The band had left their drummer at home for this show – a wise move given

the size of the venue and the sound system. Stripped back to a three-piece,

with acoustic guitar, ukulele and bass, the young Aussie artists took the

stage looking relaxed and confident. ‘Hi, we’re The Little Stevies and we’re

here to play some tunes for you’. True enough.

As the first chord was struck and the first notes sung – in stunning

three-part harmony – it became clear that these were going to be no ordinary

tunes. Sibylla and Bethany Stephen have a vocal blend that can only be

achieved through genetics – the natural successors to

siblings-from-down-under like The Bee Gees or the Finns. Rounding off the

sound is Robin Geradts-Gill, whose airy tones slide seamlessly into the mix.

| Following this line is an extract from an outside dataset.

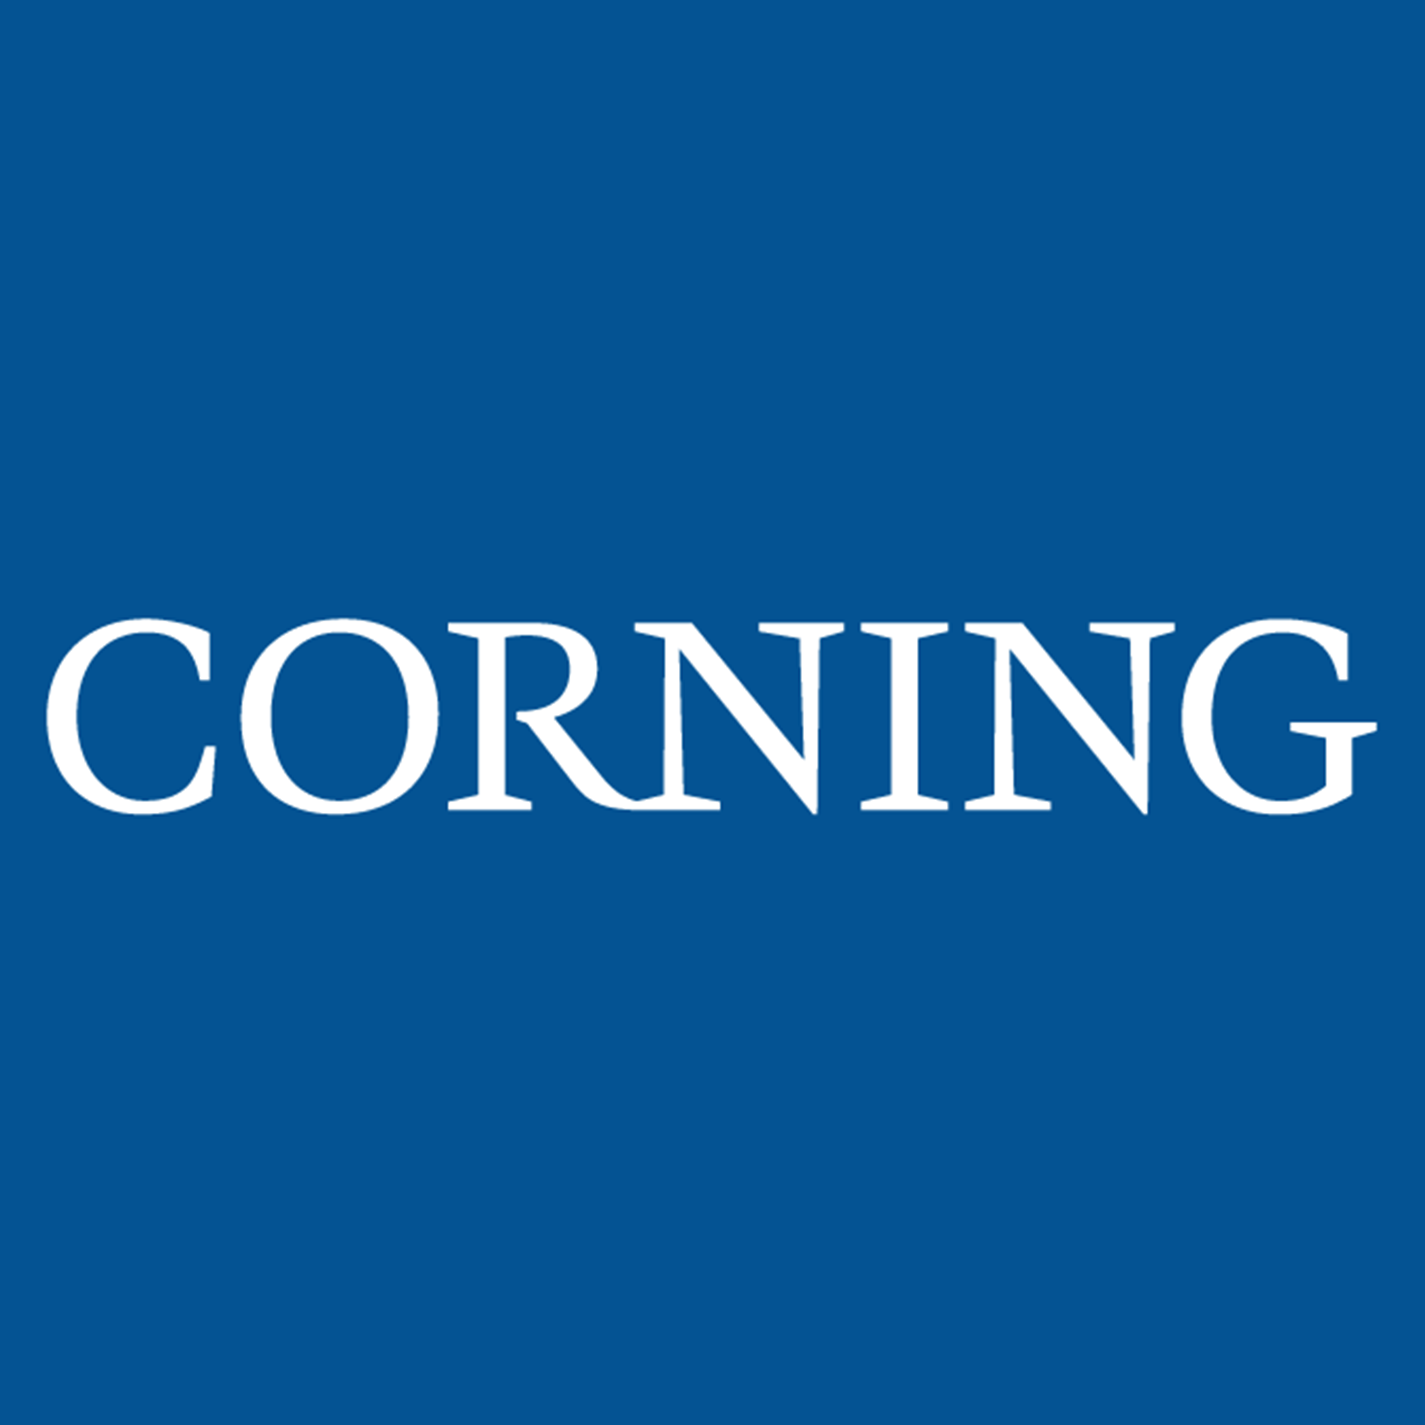 Corning® 500 g Yeast Extract, Powder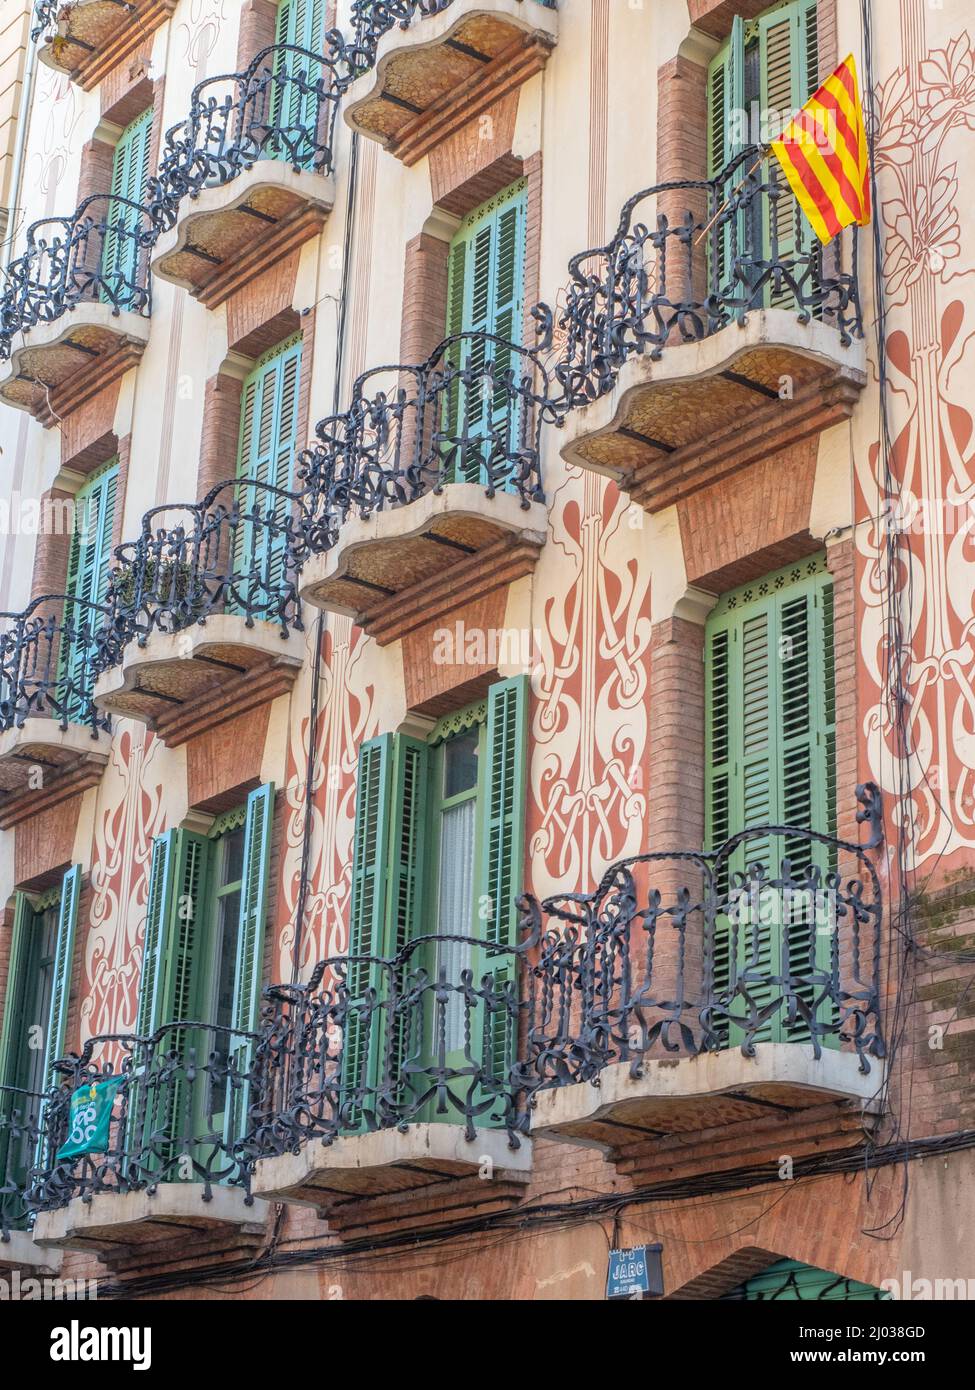 Sgraffito facade of Barcelona building with Catalan flag, Barcelona, Catalonia, Spain, Europe Stock Photo

The first set begins quietly, immediately bringing the hubbub of the bar

down to practically nothing. Everyone, it seems – even those just there for

a drink – are transfixed.  As the set comes to an end, we are promised ‘a

more rock’n’roll second set’ – a prospect too intriguing to pass up. So it

was I came to be enjoying the second set – and second beer – with The Little


As promised, the tempo picks up the second time around. I’m impressed with

how rhythmic and full the sound is – I must admit to being a skeptic when it

comes to bass without drums. But Bethany’s distinctly beautiful

finger-picking acoustic guitar and Sibylla’s jangling uke parts – and

occasional shaker forays – are wrapped up perfectly by Robin’s melodic

basslines, and the result is rich and satisfying. The band never skip a

beat, and have no shortage of great songs, despite saying they didn't have

enough material for three sets. The occasional cover fills in the gaps – an

acoustic rendition of Michael Jackson’s ‘Black or White’, complete with rap

breakdown, brings the house down and ensures that I’ll be sticking around

for the third and final set.

Taking the stage again, it’s obvious that the band are enjoying themselves

as much as the brimming crowd. The Little Stevies are in no rush to begin

each song, indulging in plenty of witty and interactive banter. The crowd is

in high spirits, and it seems I'm probably not the only one onto my third

beer. A request from up the back leads the whole room into a round of

‘Waltzing Matilda’, followed by a complete cover of ‘Land Down Under’ which

they describe as ‘the best song about Australia ever written by a Scottish

guy’. By the end of their set no-one is keen to let the band go, and they

are cajoled into an encore of ‘Because I Have You All’ (from their new album

‘Attention Shoppers’), which is everything The Little Stevies do best –

soaring harmonies, a rousing chorus and uplifting sentiments.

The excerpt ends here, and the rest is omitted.